Sickle Cell Disease
What is sickle cell disease (SCD)?
Sickle cell disease is an inherited disorder that affects your red blood cells, producing a negative impact on your health. In SCD, your hemoglobin is not normal and cannot pass easily through your blood vessels. Hemoglobin is a protein that is part of your red blood cells. It is the substance that carries oxygen in the blood.
Normal red blood cells are round and can move through small blood vessels in the body to deliver oxygen. In SCD, a chemical change in hemoglobin causes the formation of long rods. These rigid rods change the shape of the red blood cell into a sickle (which looks like a crescent). The sickle-shaped cells do not pass easily through blood vessels. They can clog or break apart which also leads to decreased red blood cell life. Sickle cells do not live as long as normal red blood cells. This will lead to increased iron storage in the liver and the heart, which could potentially cause damage to these organs. The damage could result in conditions such as liver failure, cardiac arrhythmia (irregular heart rhythms), an enlarged heart (cardiomyopathy) and heart failure.
How common is sickle cell disease (SCD)?
SCD results from sickle cell trait (SCT). Sickle cell trait happens when people have one sickle cell gene and one normal gene. If you just have the SCT, you usually do not have symptoms and you don’t have SCD. However, you can pass SCT to your children. If both parents have the trait, the child may be more likely to have some type of sickle cell disease.

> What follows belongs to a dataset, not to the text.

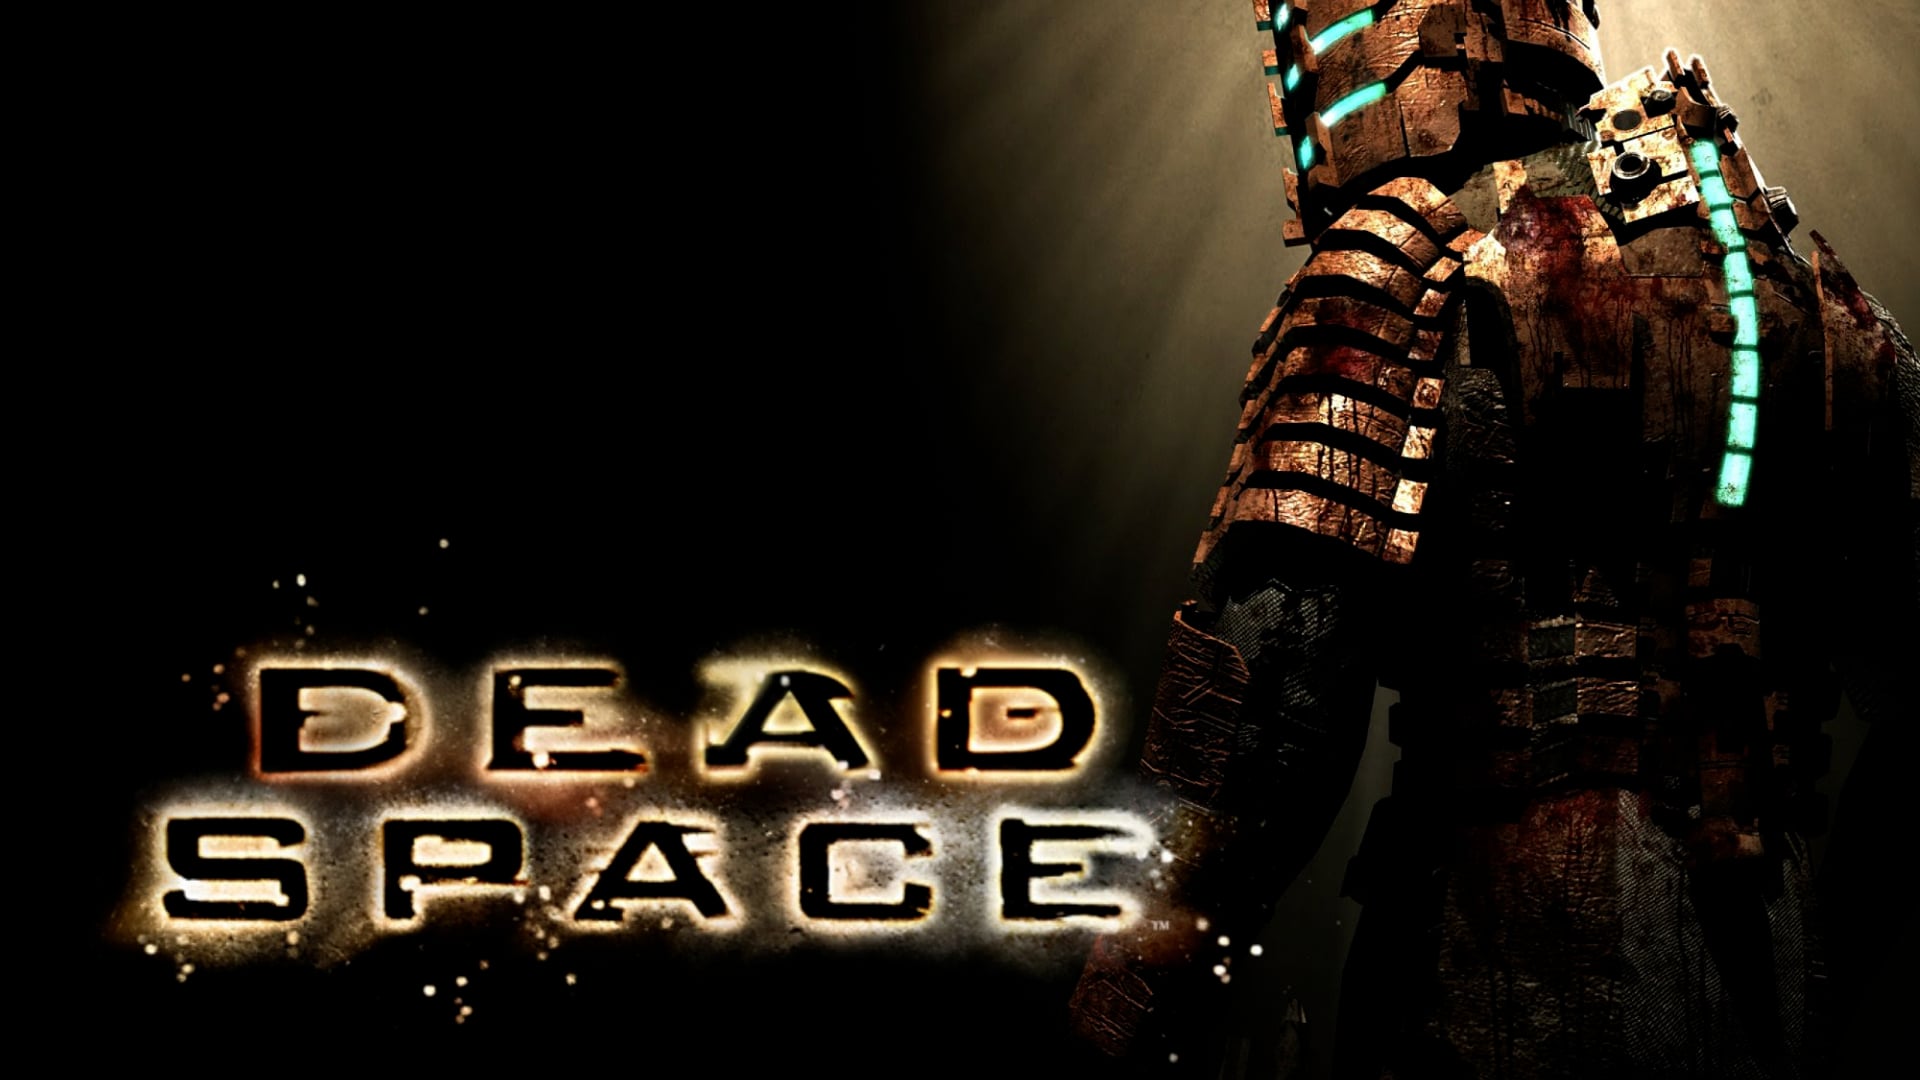 Dead Space - Launch Trailer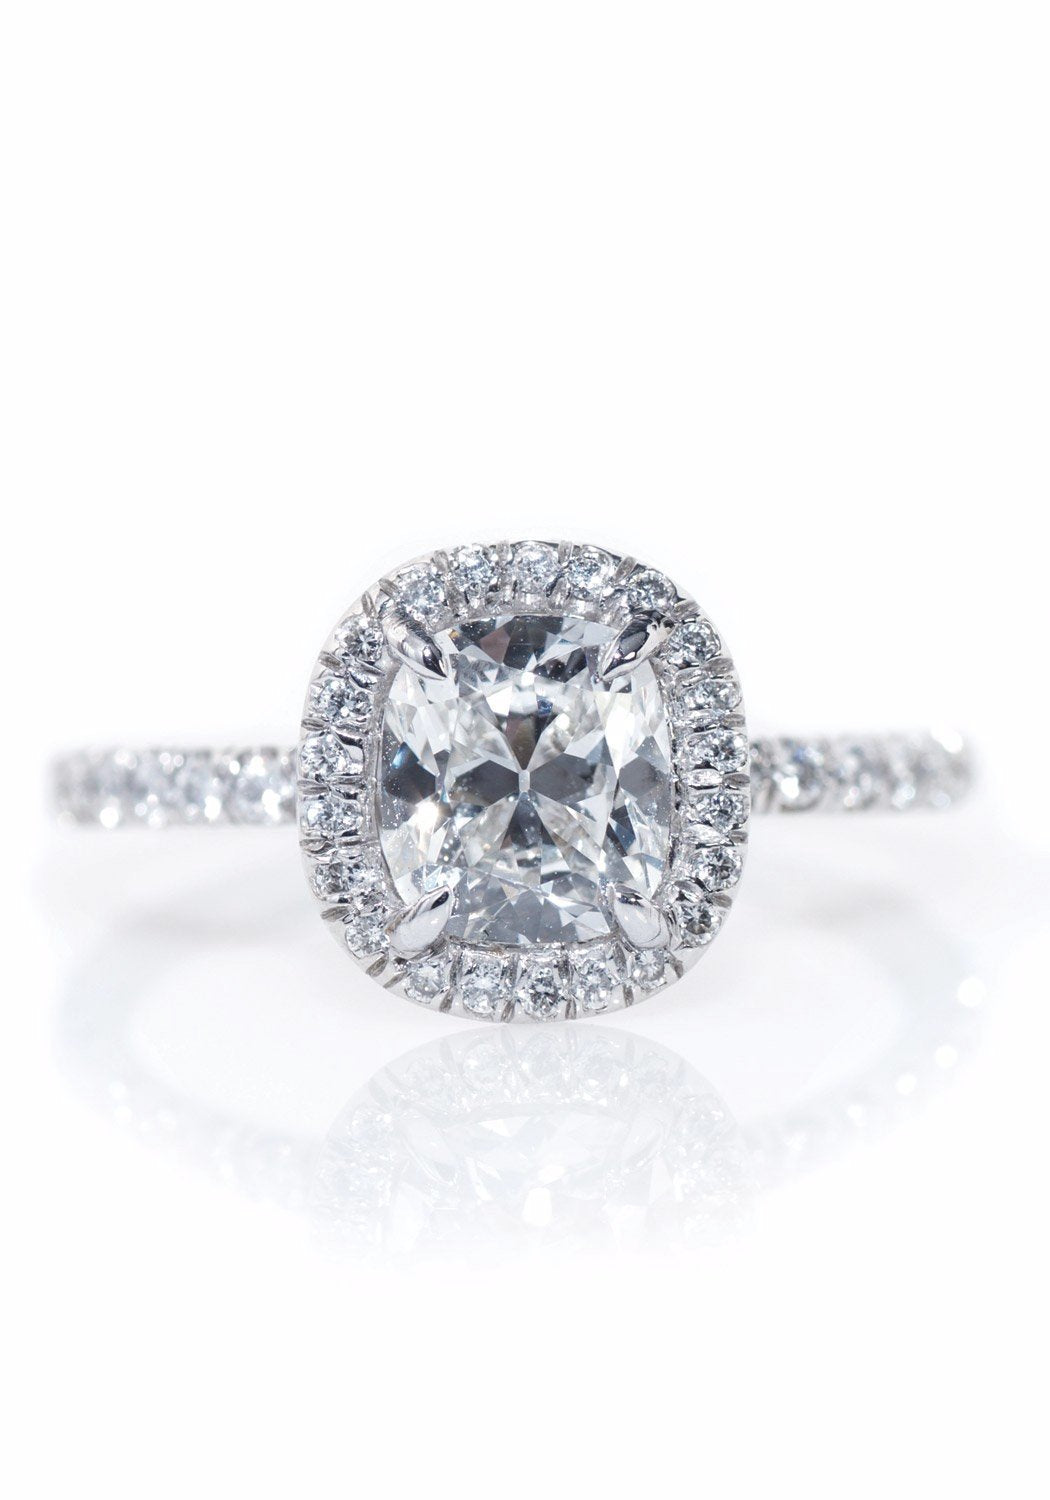 Cushion Cut Halo Diamond Ring | Oster Jewelers

While there are an estimated 1 million to 3 million people in the U.S. who have SCT, there are only about 100,000 people with SCD.
Who is affected by sickle cell disease (SCD)?
Sickle cell trait, and therefore SCD, is found more often in certain ethnic groups, including African Americans, Hispanics, South Asians, Southern European Caucasians, and Middle Easterners. In the United States, about 1 in 350-400 African American babies have sickle cell disease. Worldwide, it is estimated that there are 300 million people with sickle cell trait. About one-third of this number are in sub-Saharan Africa.
What are some common types of sickle cell disease?
Sickle cell disease is a group of disorders that affect the hemoglobin including:
- Hemoglobin SS (HbSS) disease.
- Hemoglobin SB+ (beta) thalassemia.
- Hemoglobin SB0 (beta-zero) thalassemia.
- Hemoglobin SC disease.
- Hemoglobin SD disease.
- Hemoglobin SE disease.
- Hemoglobin SO disease.
What causes sickle cell disease (SCD)?
SCD is an inherited condition. It is caused by defective HBB gene. It is inherited in an autosomal recessive pattern, in which parents of an individual with SCD each carry one copy of the mutated gene, but they typically do not show signs and symptoms of the condition.
What are the symptoms of sickle cell disease (SCD)?
SCD signs and symptoms begin to show when a child is around four to five months old. Before that, fetal hemoglobin stops the red blood cells from changing shape (sickling).
Signs and symptoms of SCD varies from person to person. Some people have mild symptoms, while others are frequently hospitalized for more serious complications
Signs and symptoms of SCD include:
- Anemia could present as fatigue and weakness.
- Swelling and inflammation of the joints.
- Blood blockage in the spleen or liver.
- Jaundice (yellowing of skin and eyes).